**Exercise description**
Return the material below exactly, but only from the line with "NKFFRALUNA T-Shirts & Tops - Bright White" through the line with "Хаббл дип Филд.", and without its pictures.

**Working data**
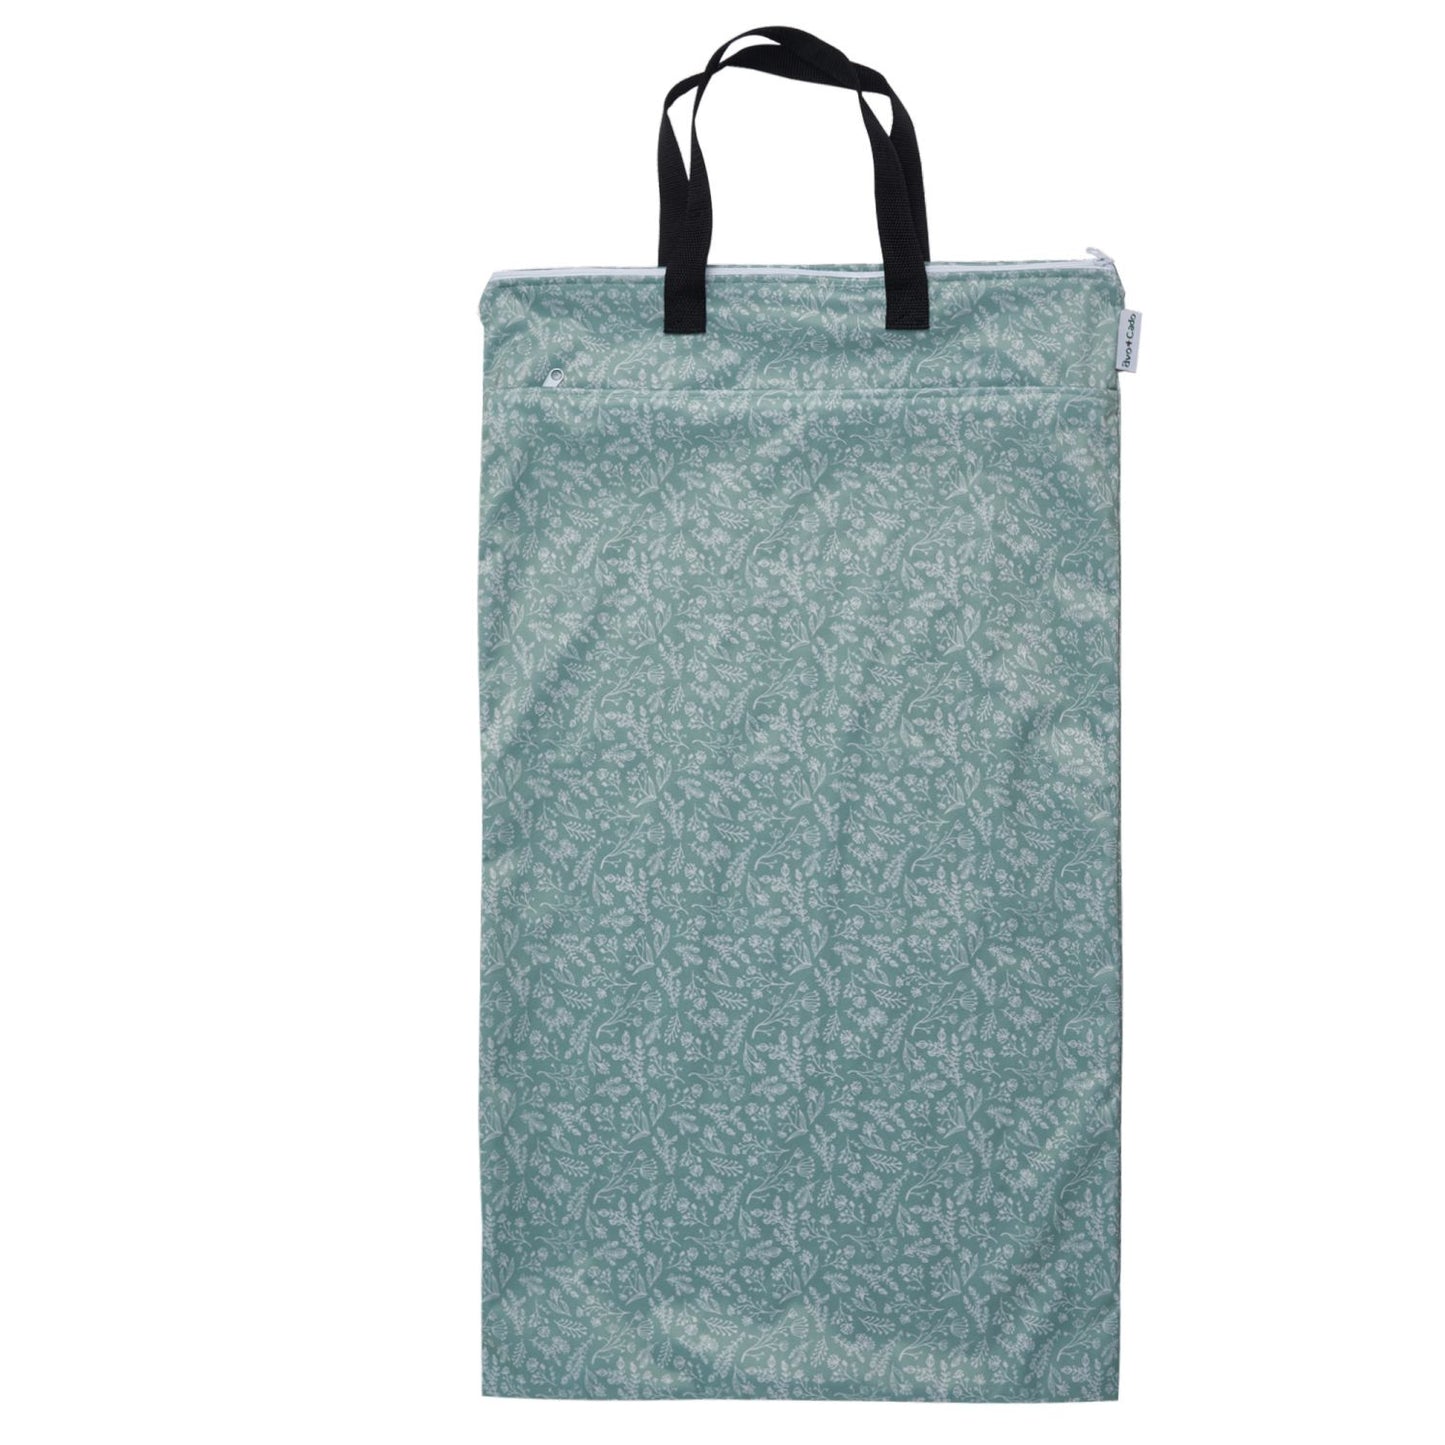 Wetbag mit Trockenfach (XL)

* * *

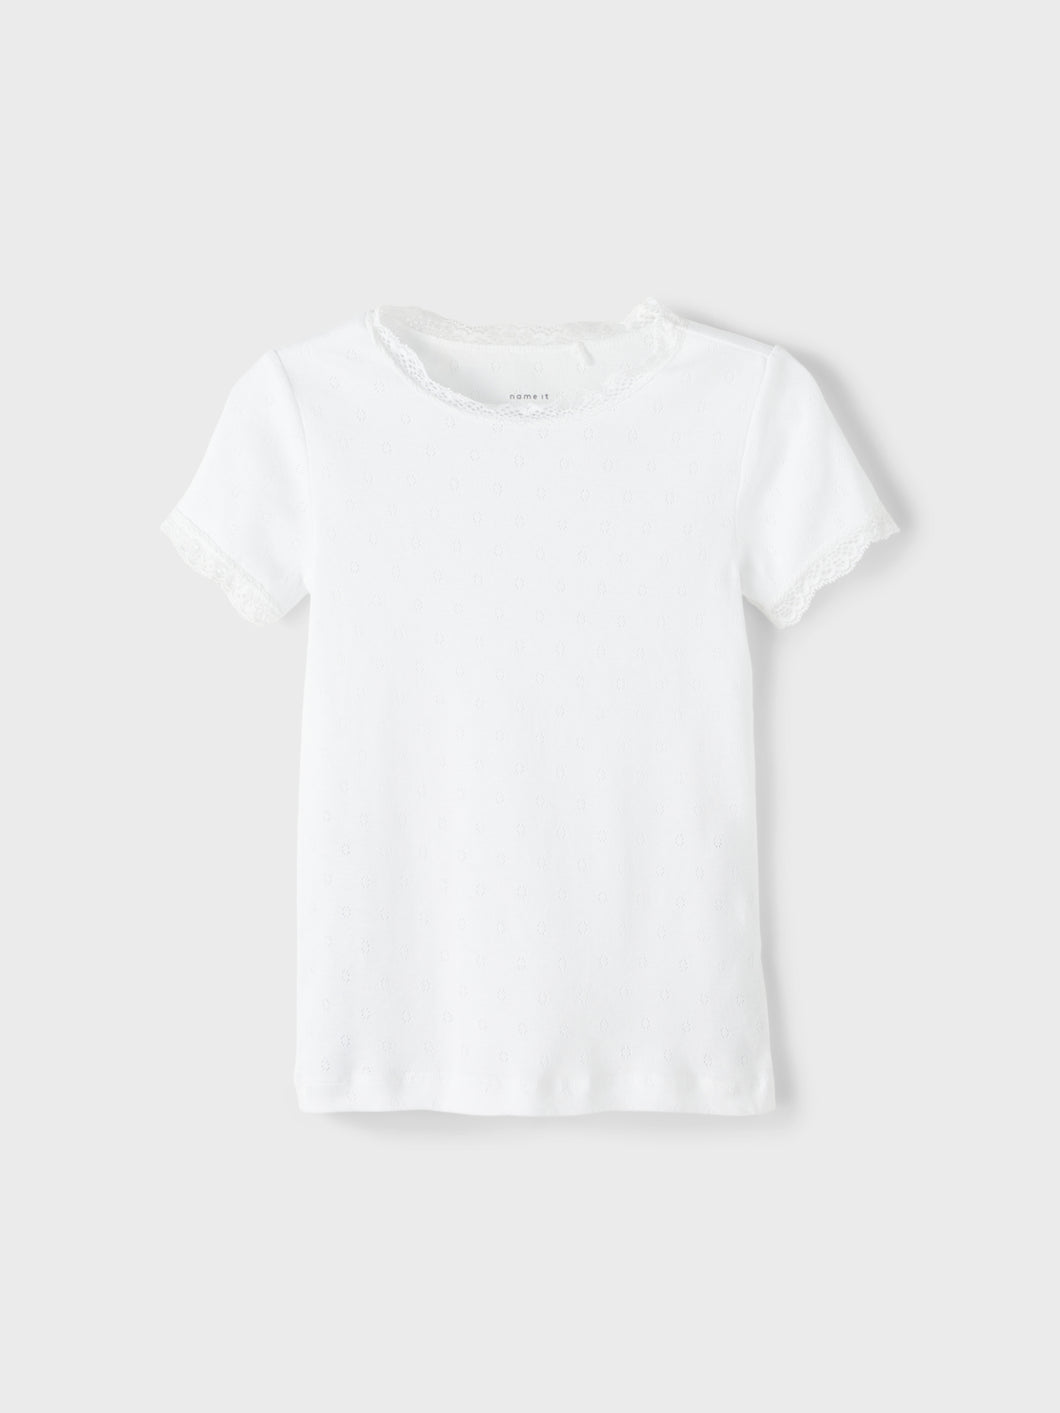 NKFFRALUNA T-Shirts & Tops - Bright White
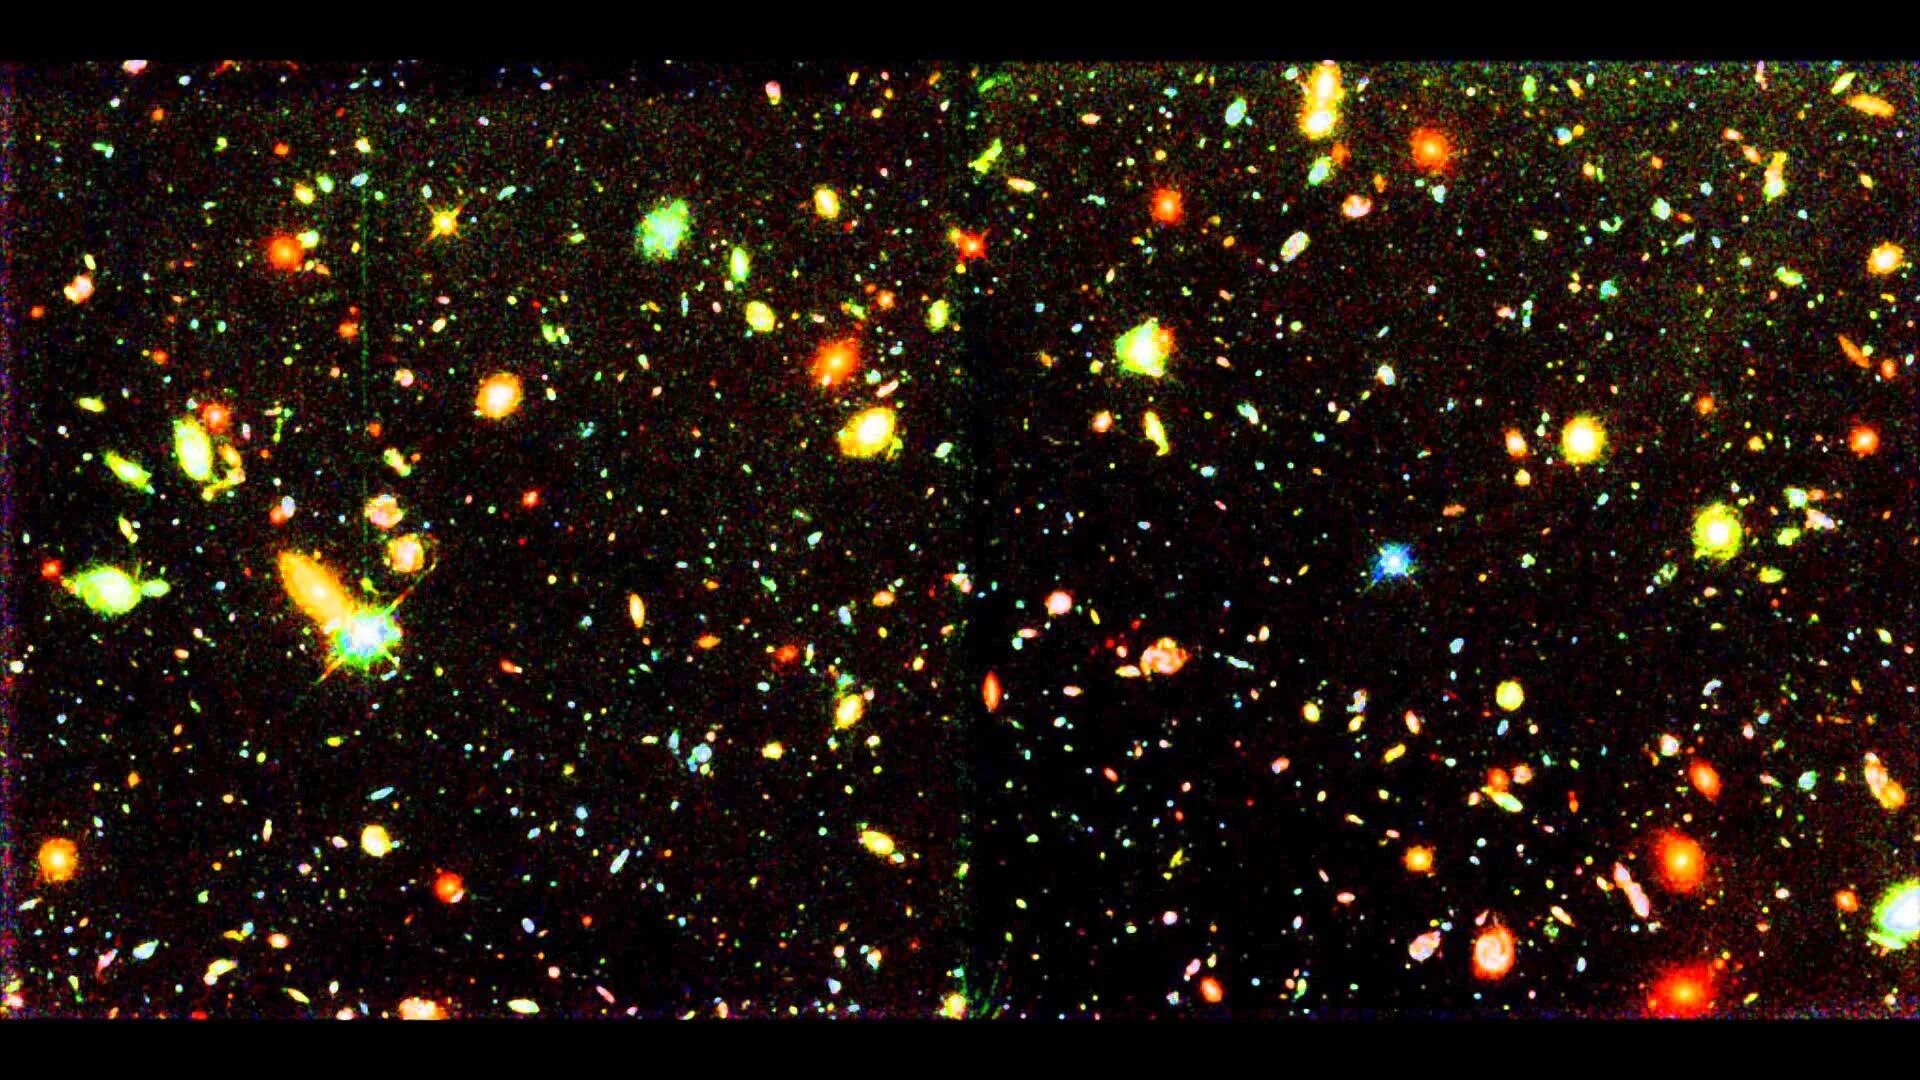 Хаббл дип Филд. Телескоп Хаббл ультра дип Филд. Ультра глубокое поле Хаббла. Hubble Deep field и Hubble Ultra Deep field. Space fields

**Worked solution**
 NKFFRALUNA T-Shirts & Tops - Bright White
 Хаббл дип Филд. Телескоп Хаббл ультра дип Филд. Ультра глубокое поле Хаббла. Hubble Deep field и Hubble Ultra Deep field. Space fields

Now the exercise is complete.